Alfonso Andria, Presidente del Centro Universitario Europeo per i Beni Culturali e promotore di Ravello Lab, ha messo in evidenza come alla base delle partnership vi è la capacità da parte di chi progetta ed eroga cultura di creare valore aggiunto che possa essere condiviso con dei partner. “È sul valore che si costruiscono le collaborazioni e che permettono a queste di essere durature nel tempo. Se invece si pensa solo a ricevere valore economico da aziende o da fondazioni, senza restituire valore a loro, è impossibile creare vere e proprie partnership”. Questo, ad esempio, ha permesso al Centro Universitario Europeo per i Beni Culturali di raggiungere 40 anni e realizzare ogni anno Ravello Lab.

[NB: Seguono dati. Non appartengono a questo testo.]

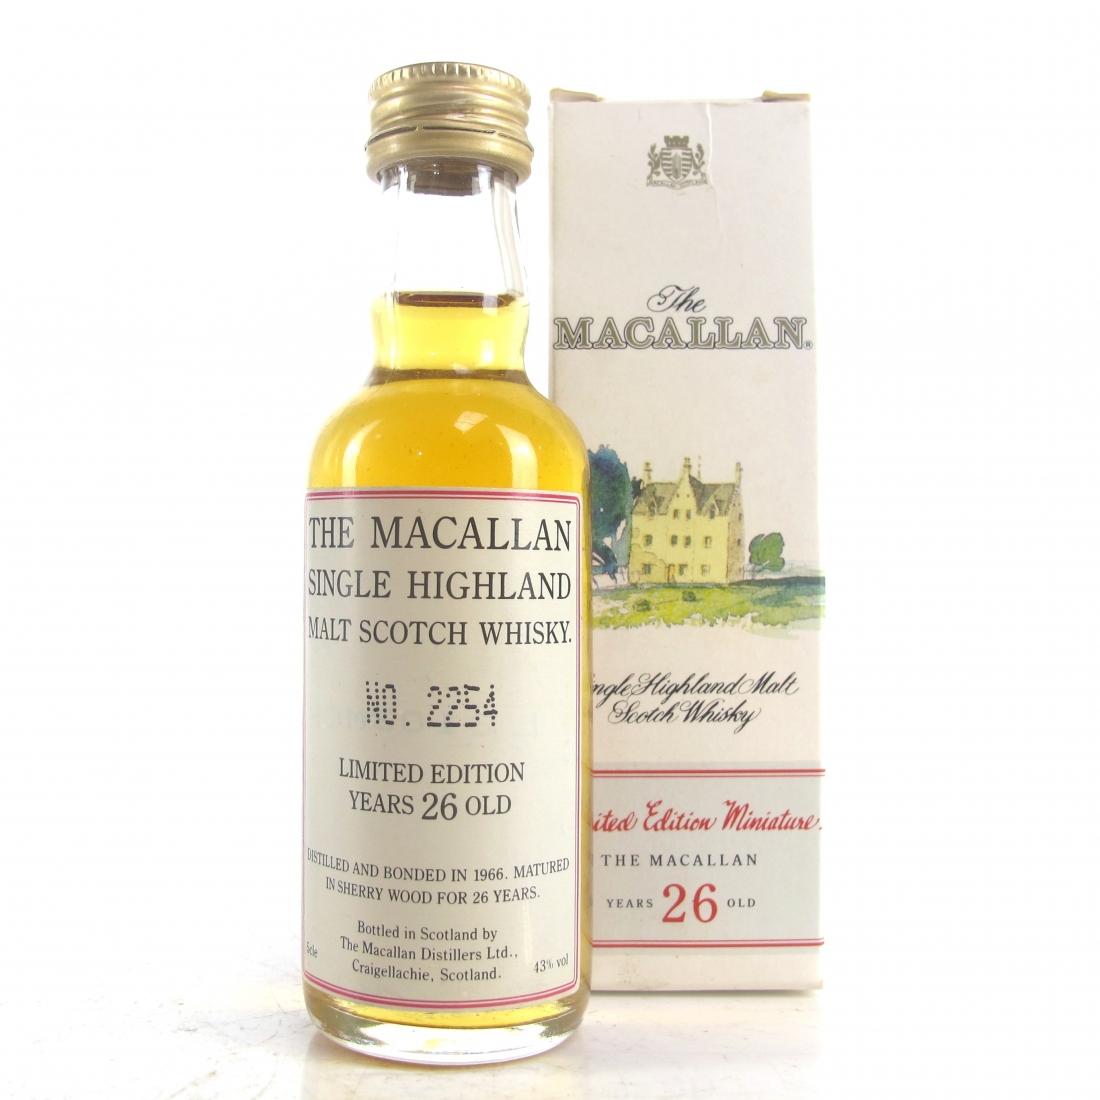 Macallan 1966 26 Year Old Miniature 5cl

Vincenzo Santoro, responsabile cultura di ANCI, ha invece sottolineato come il partenariato in senso formale (quello previsto dall’art. 151 del codice degli appalti) è uno strumento molto giovane e deve essere ancora adottato pienamente anche perché ancora poco conosciuto nella pratica. “Ma se guardiamo al partenariato come modalità di fare cultura siamo di fronte ad una pluralità di casistiche che si devono confrontare con problemi importanti. Ad esempio nel caso del Bando Borghi del PNRR, proprio su proposta dell’ANCI, ha posto al centro la costruzione di partnership per la rigenerazione. Ma la progettualità che ne è emersa (ben 1.800 progetti) deve poi fare i conti con l’estrema povertà di risorse non solo economiche ma di risorse umane e competenze delle realtà sociali e amministrative locali sulle quali occorre assolutamente agire con la formazione e la capacitazione pena la perdita di questa ondata di creatività che è un fatto al contrario estremamente positivo”.Ledo Prato, presidente della neonata Associazione Rete delle Culture ha invece sottolineato che nelle realtà più piccole (che

sono la maggior parte del nostro paese) è più facile fare partnership con la comunità che non con le grandi aziende, in quanto è più facile che condividano non solo un progetto ma ne diventino co-protagonisti. “È importante quindi vedere il tema della partnership nel contesto reale di azione delle organizzazioni culturali nella dimensione locale. Il rischio altrimenti è quello di calare dall’alto modelli messi a punto a tavolino. Mentre al contrario occorre incrementare la sperimentazione di queste partnership per trarne poi indicazioni di carattere generale. Occorre dare priorità alla pratica, favorendola e facilitandola anche con l’accompagnamento di esperti – come nel caso del fundraising – per poi metterne a sistema i frutti”.